Note: This paper, "The Odyssey of the Afo-a-Kom," by Eugenia Shanklin was published in 1990 in African Arts XXIII(4):62-69; 95-96.
II. The American Version: Americans as the Good Guys
III. The Kom Version: How Kom Outwitted America
IV. The Ufwu-a-Kom
VI. Epilogue: The Second Homecoming
The Odyssey of the Afo-a-Kom
by Eugenia Shanklin
In 1973, the tiny former kingdom of Kom in Cameroon's North West Province became the subject of a number of news stories in the New York Times because the kingdom's most "sacred" object, the "Afo-a-Kom," was stolen from the palace at Laikom and transported to New York, where it was put up for sale in an art gallery and offered to collectors at a high price. The discovery of the missing object, and the knowledge that it had been removed from Kom ritual life, were sources of much consternation in Africa and in America. The Afo-a-Kom quickly became the center of a controversy in the United States, to do with whether--and under what circumstances--stolen art objects had to be returned to the country of origin. These questions have not been resolved, although the moral one could draw from the Afo-a-Kom story is that objects must be returned when they are part of an on-going ritual and religious system.
There are on-going discussions of the ethical questions involved in dealing with art objects "plucked" from their source by fair means or foul. But little attention has been focused on the points of view of those who receive a sacred object and those who lose it. The story of the odyssey of the Afo-a-Kom, however, can be told from both sides and doing so offers an instructive example of the ways in which "sacred" objects (and their owners) are viewed in developed and developing nations. As will emerge, what the Americans regarded as sacred, religious art is better seen as a powerful art-object in Kom. It is also apparent that in the past, the Afo-a-Kom had a limited audience (confined to Kom notables), but now has developed three new audiences, whose attitudes toward the statue are very different: the Kom people, most of whom had never seen the statue before but now are very proud of the furor it caused; the Cameroonians, who began making copies to sell to gullible Westerners soon after the object's return; and the Western connoisseurs of African art, as well as New York Times readers, some of whom regard the statue as one of the finest examples of African statuary.
Here both sides of the story will be told, beginning with the American version as given by the New York Times reporter who covered the events and then the Kom version, as it is told in Kom today.
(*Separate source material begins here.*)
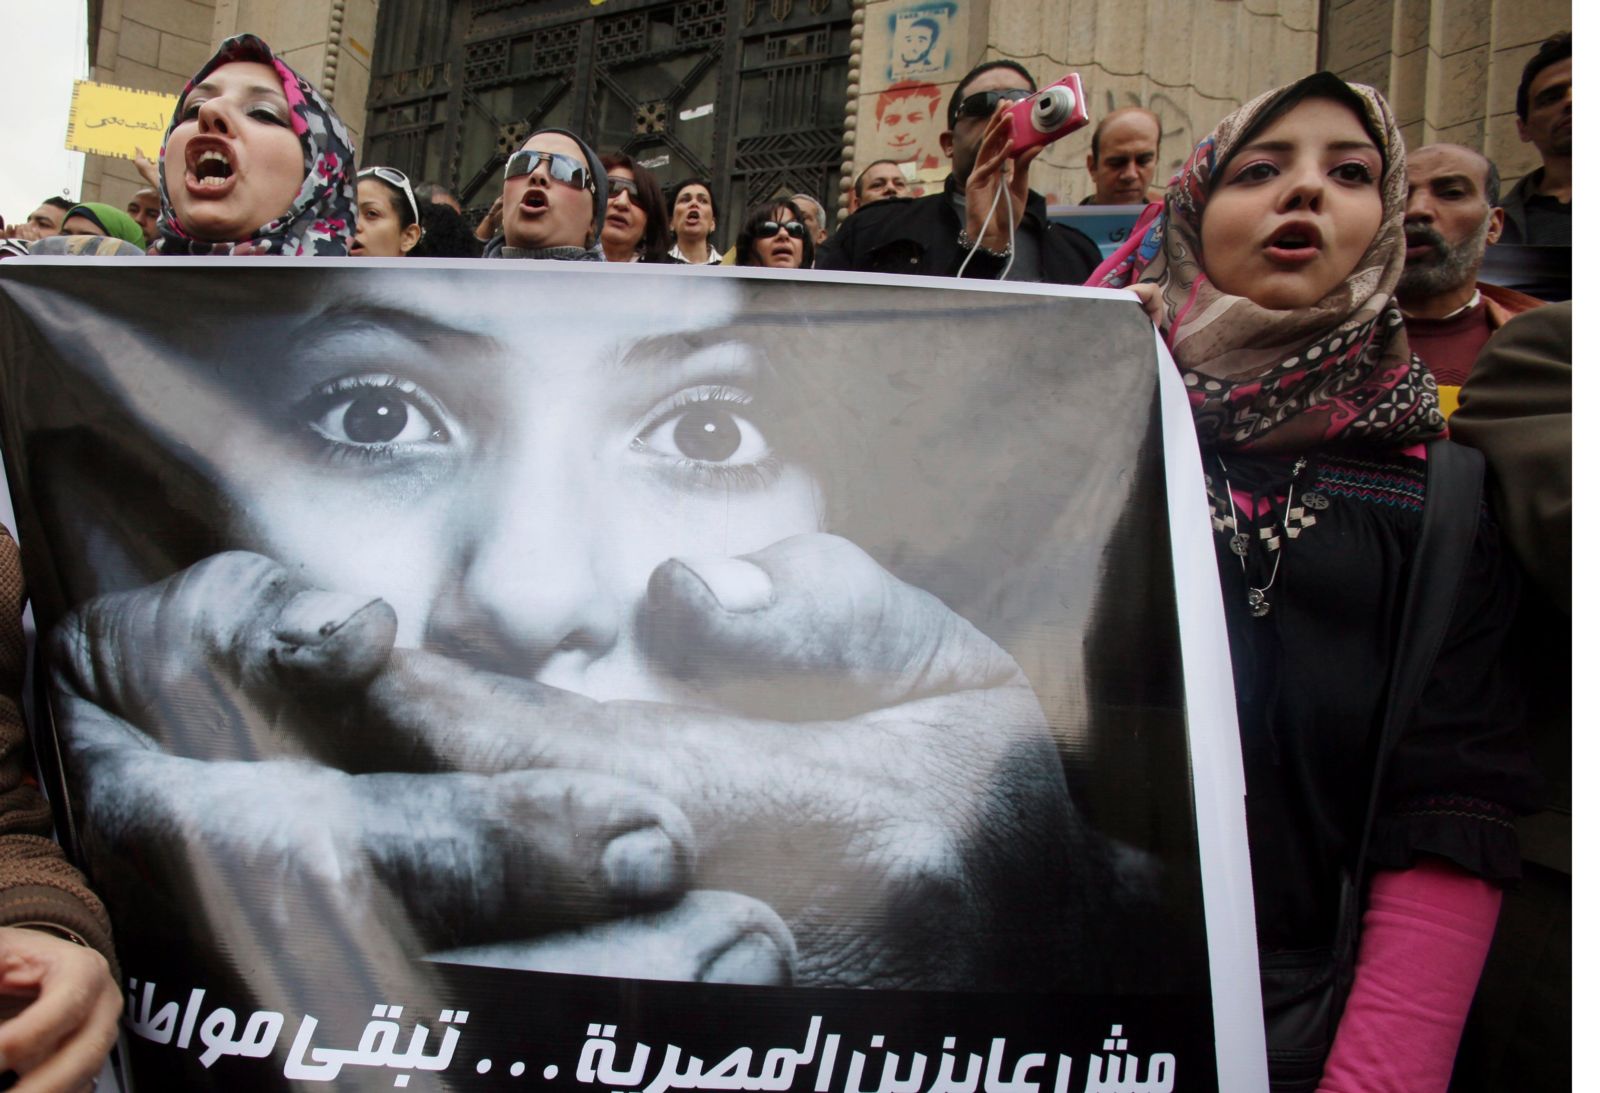 Resist or flee: NGOs respond to Egypt’s crackdown
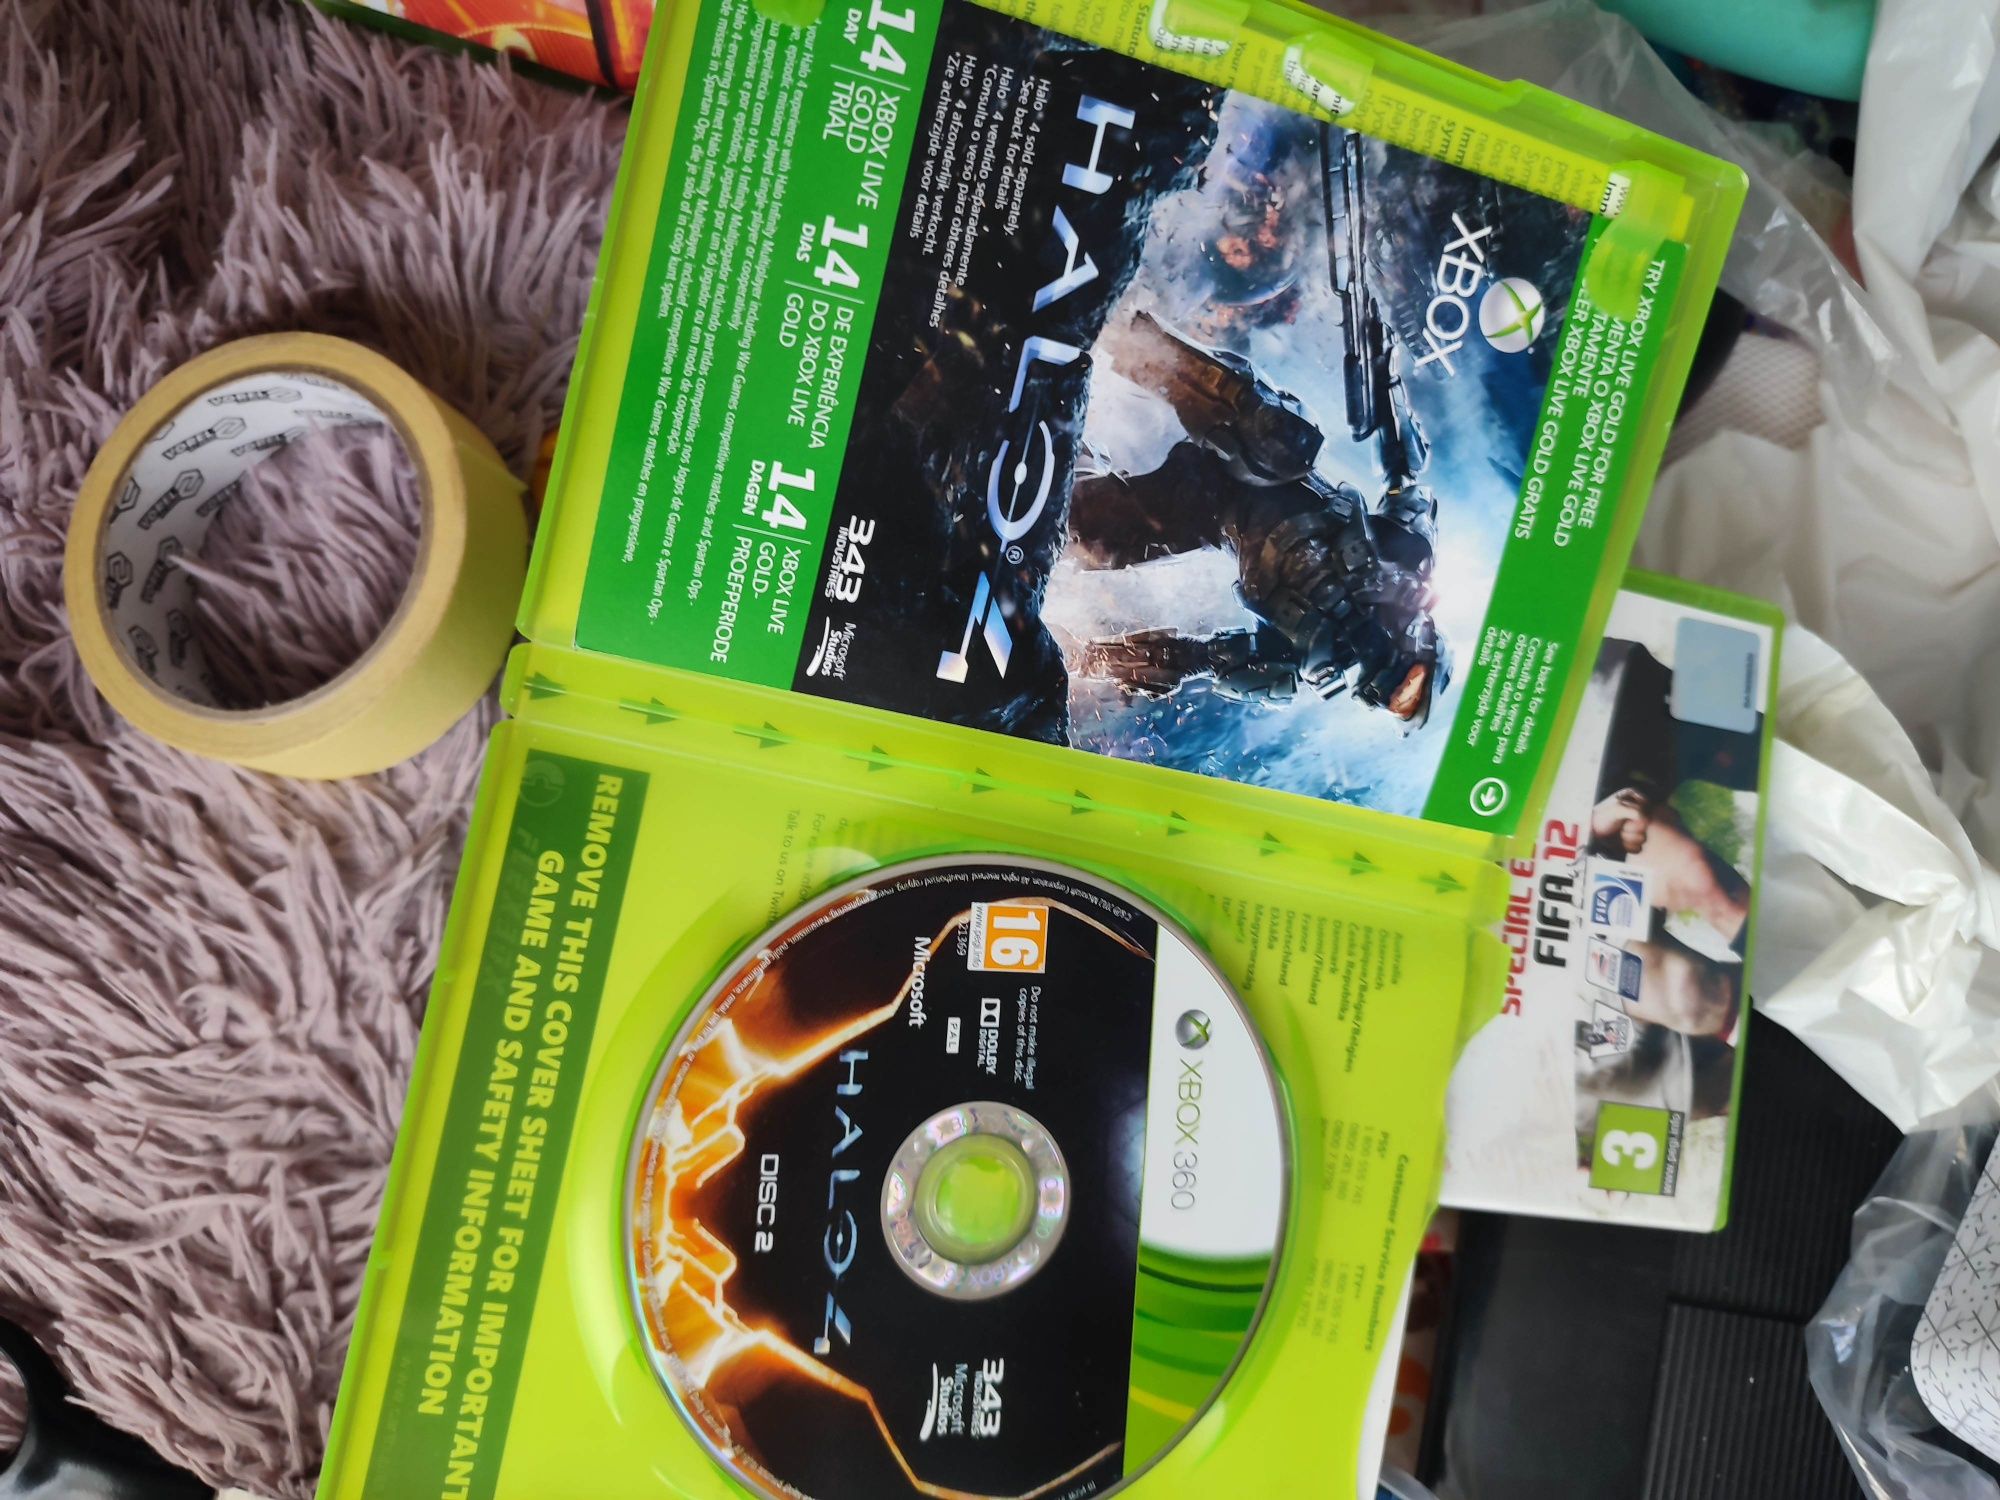 Halo 4 xbox360. Xbox 360. X360

There are a number of interesting differences between the two stories, reflecting both factual matters and cultural differences in interpretation but of greater interest are the differences between the subtexts of the two stories, especially as these relate to the meaning of "sacred" art objects. The text of the American story concerns the object's removal from Laikom, its tortuous journey to America, and its triumphal return to its ancestral home. The subtext is that "sacred" art objects are more important to the people who make and revere them than to art dealers and that Americans are responsible, responsive people, i.e., the "good guys."
The Kom text is that after its removal from Laikom, their "stick of wood" caused quite a stir in a modern Western nation because it was so powerful, and that the Americans were so uncomfortable with the object that they undertook heroic measures to return it to Kom; the subtext is how cleverly the Kom people outwitted the Americans, a belief appropriate to a group that believes they defeated the German colonial forces in the first decade of the twentieth century (Nkwi 1976).